• [TASK OBJECTIVE] Should a picture appear anywhere in the data, omit it and copy everything else exactly.

• [GIVEN DATA]
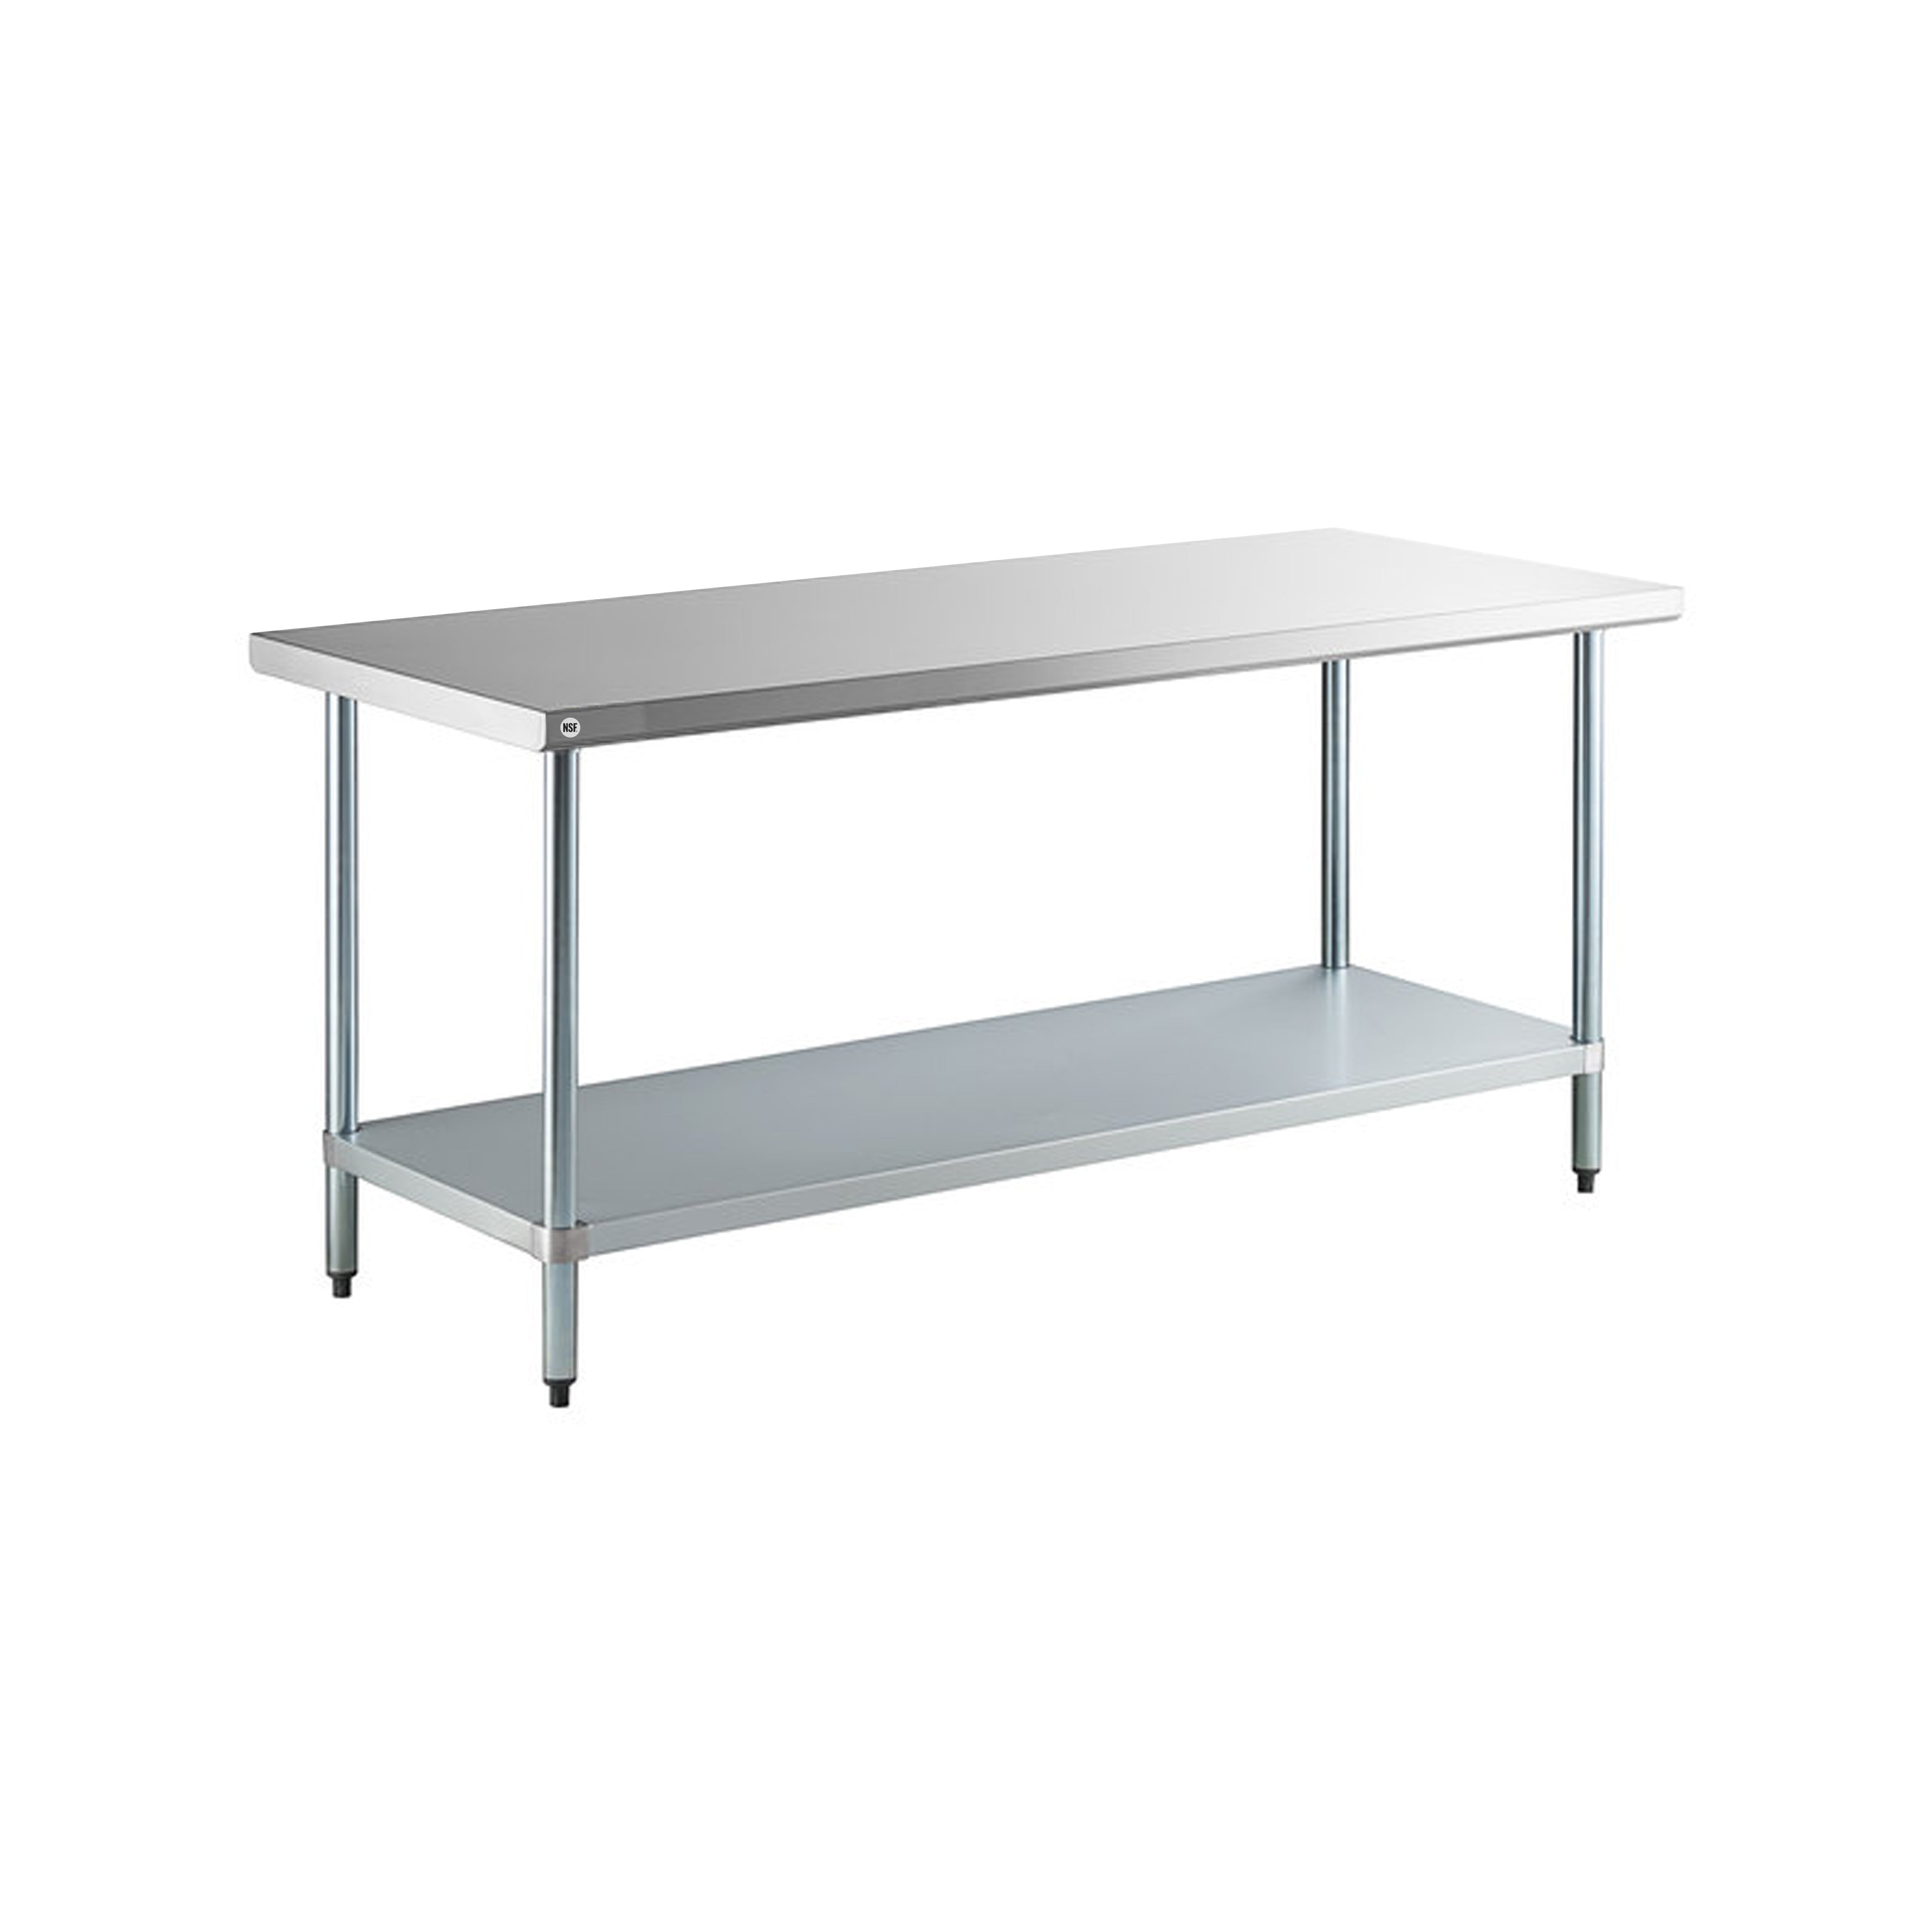 Omcan - 22069, Commercial 24" x 84" Stainless Steel Kitchen Work Table 1500lbs Light Duty
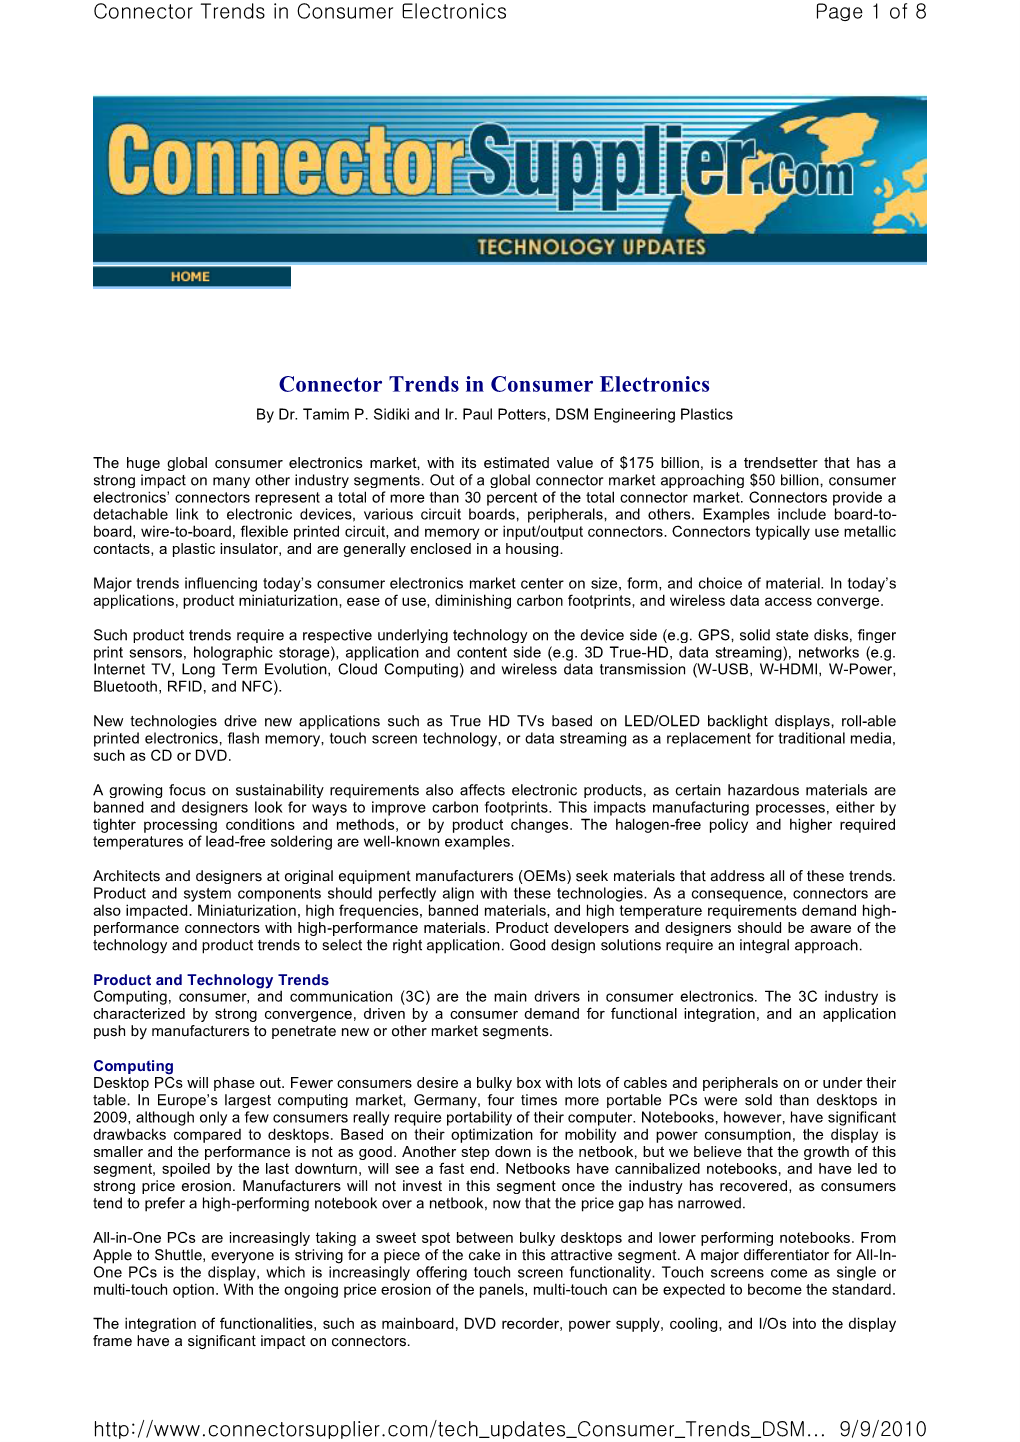 Connector Trends in Consumer Electronics Page 1 of 8
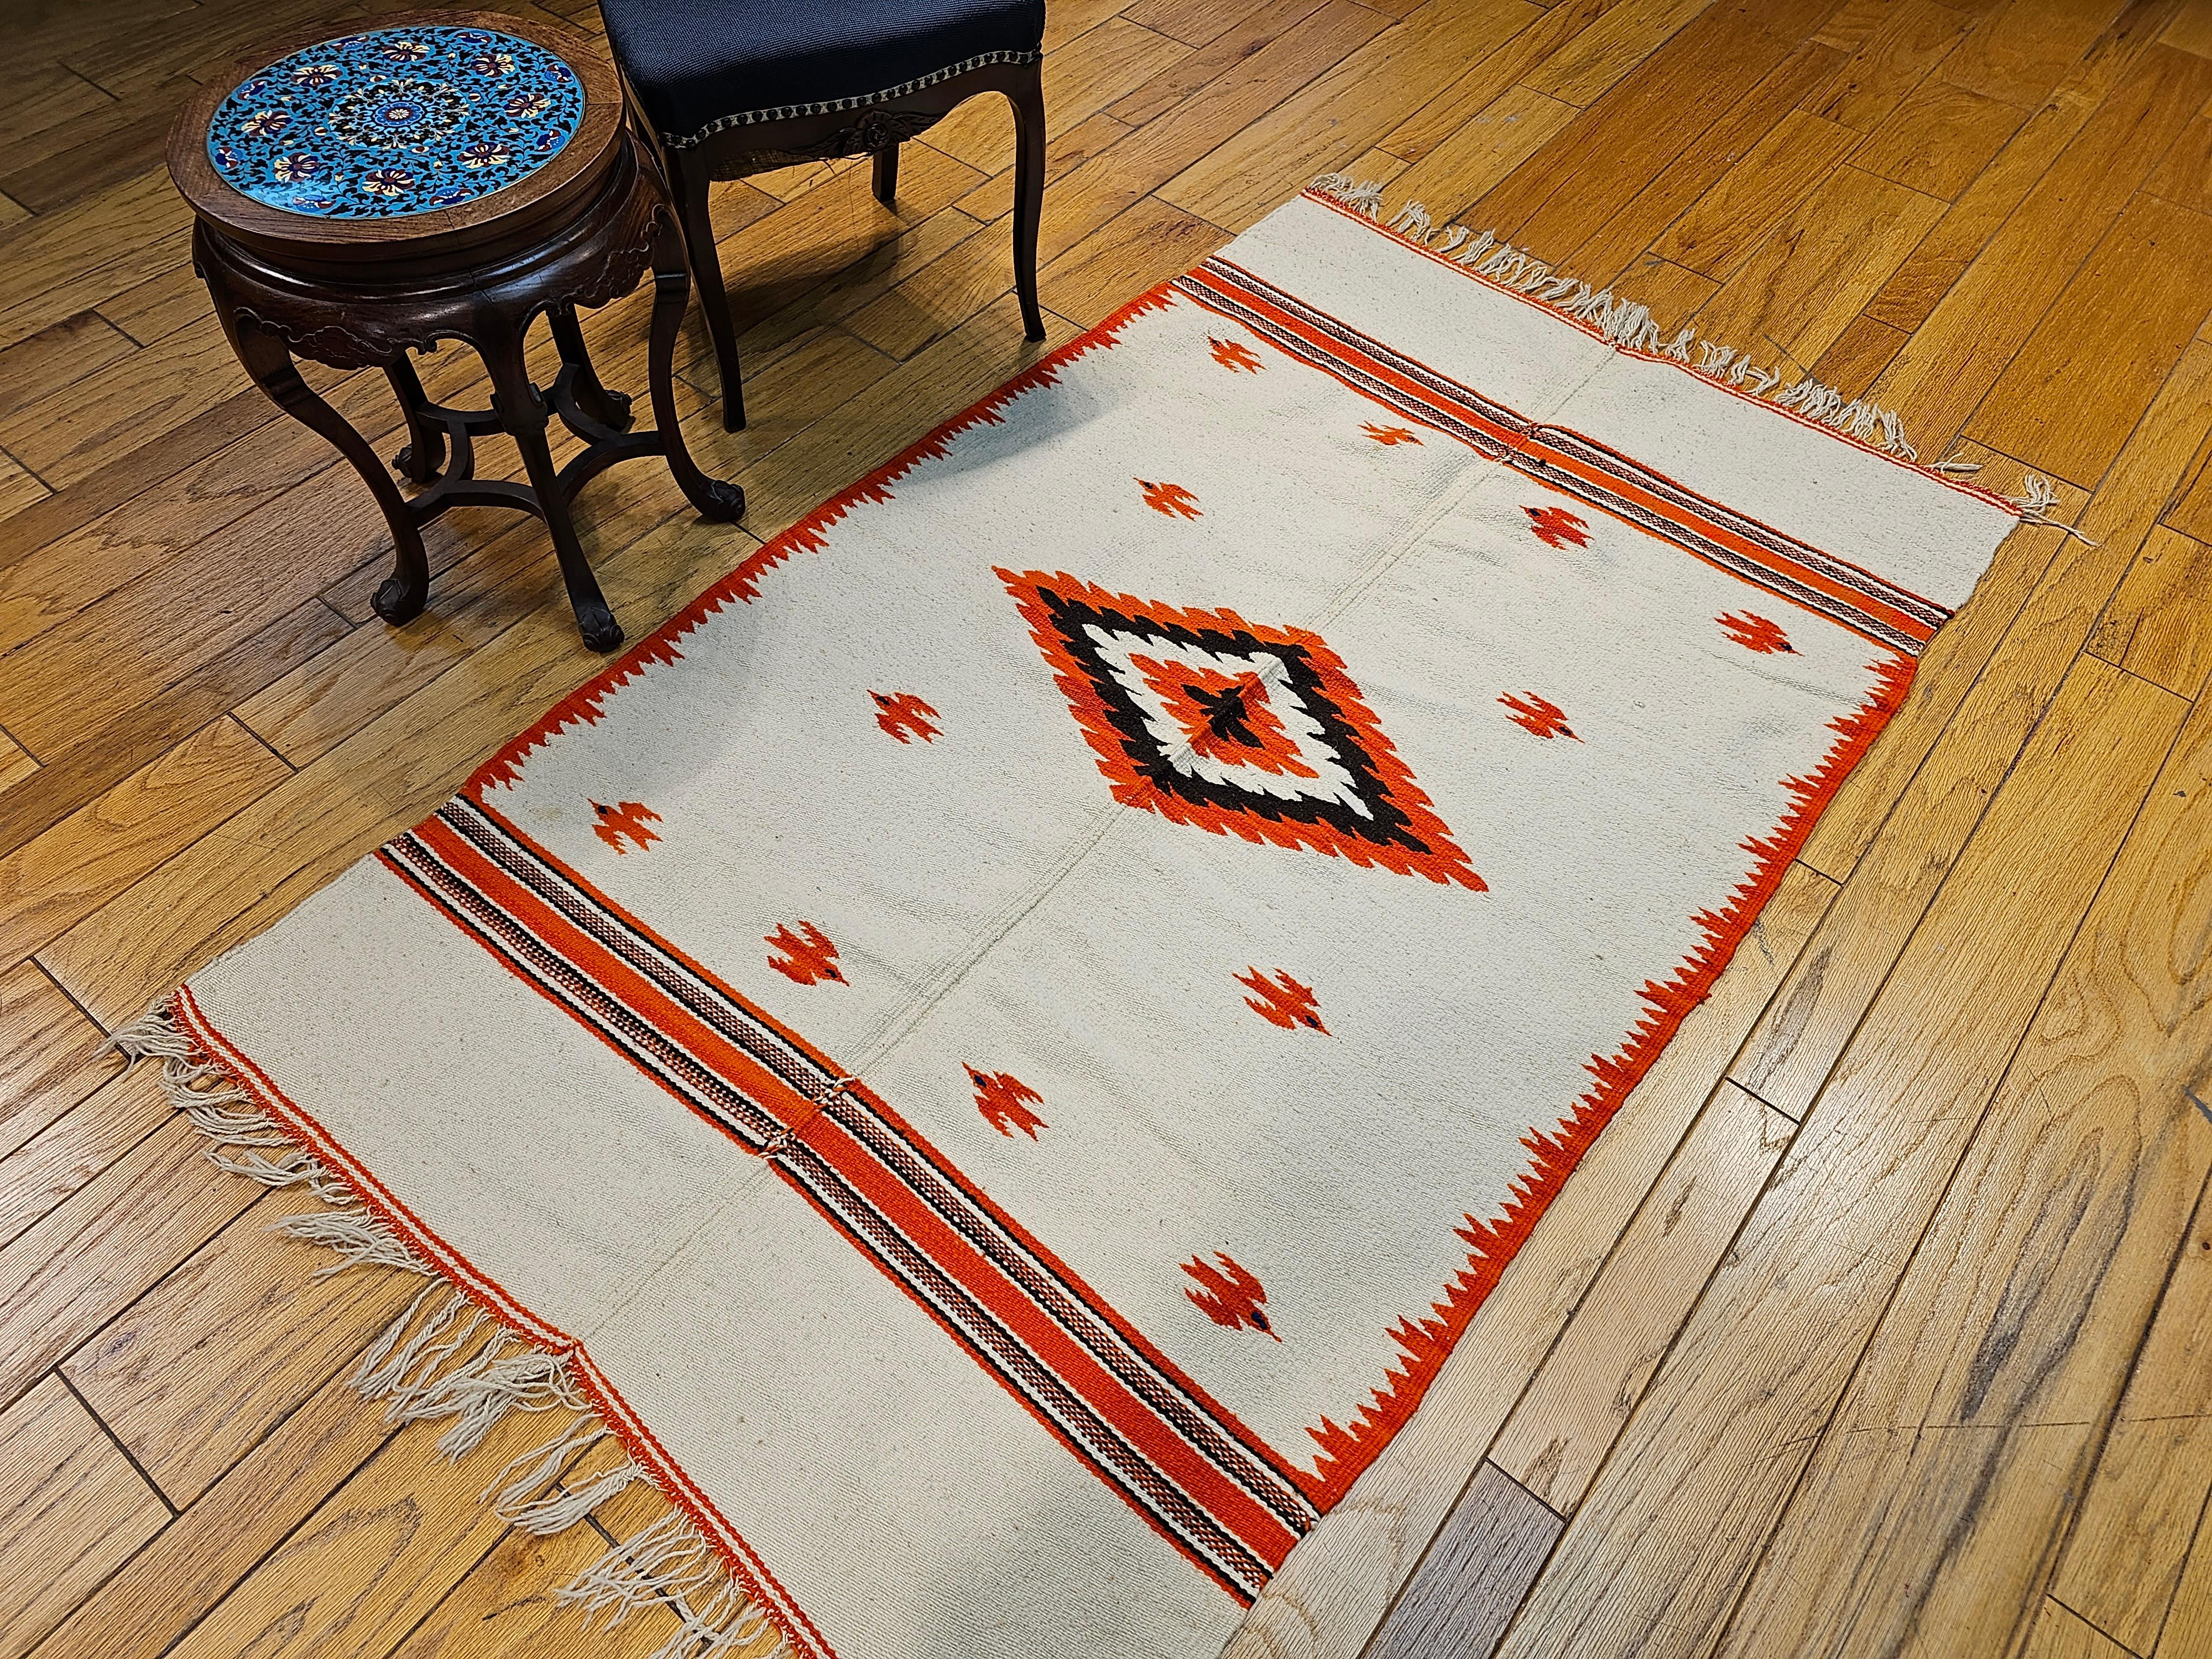 Vintage Mexican Serape Saltillo Kilim Rug with Mythical Bird Designs For Sale 6

• [ANSWER TO THIS TASK]
 Omcan - 22069, Commercial 24" x 84" Stainless Steel Kitchen Work Table 1500lbs Light Duty
 Connector Trends in Consumer Electronics Page 1 of 8
 Vintage Mexican Serape Saltillo Kilim Rug with Mythical Bird Designs For Sale 6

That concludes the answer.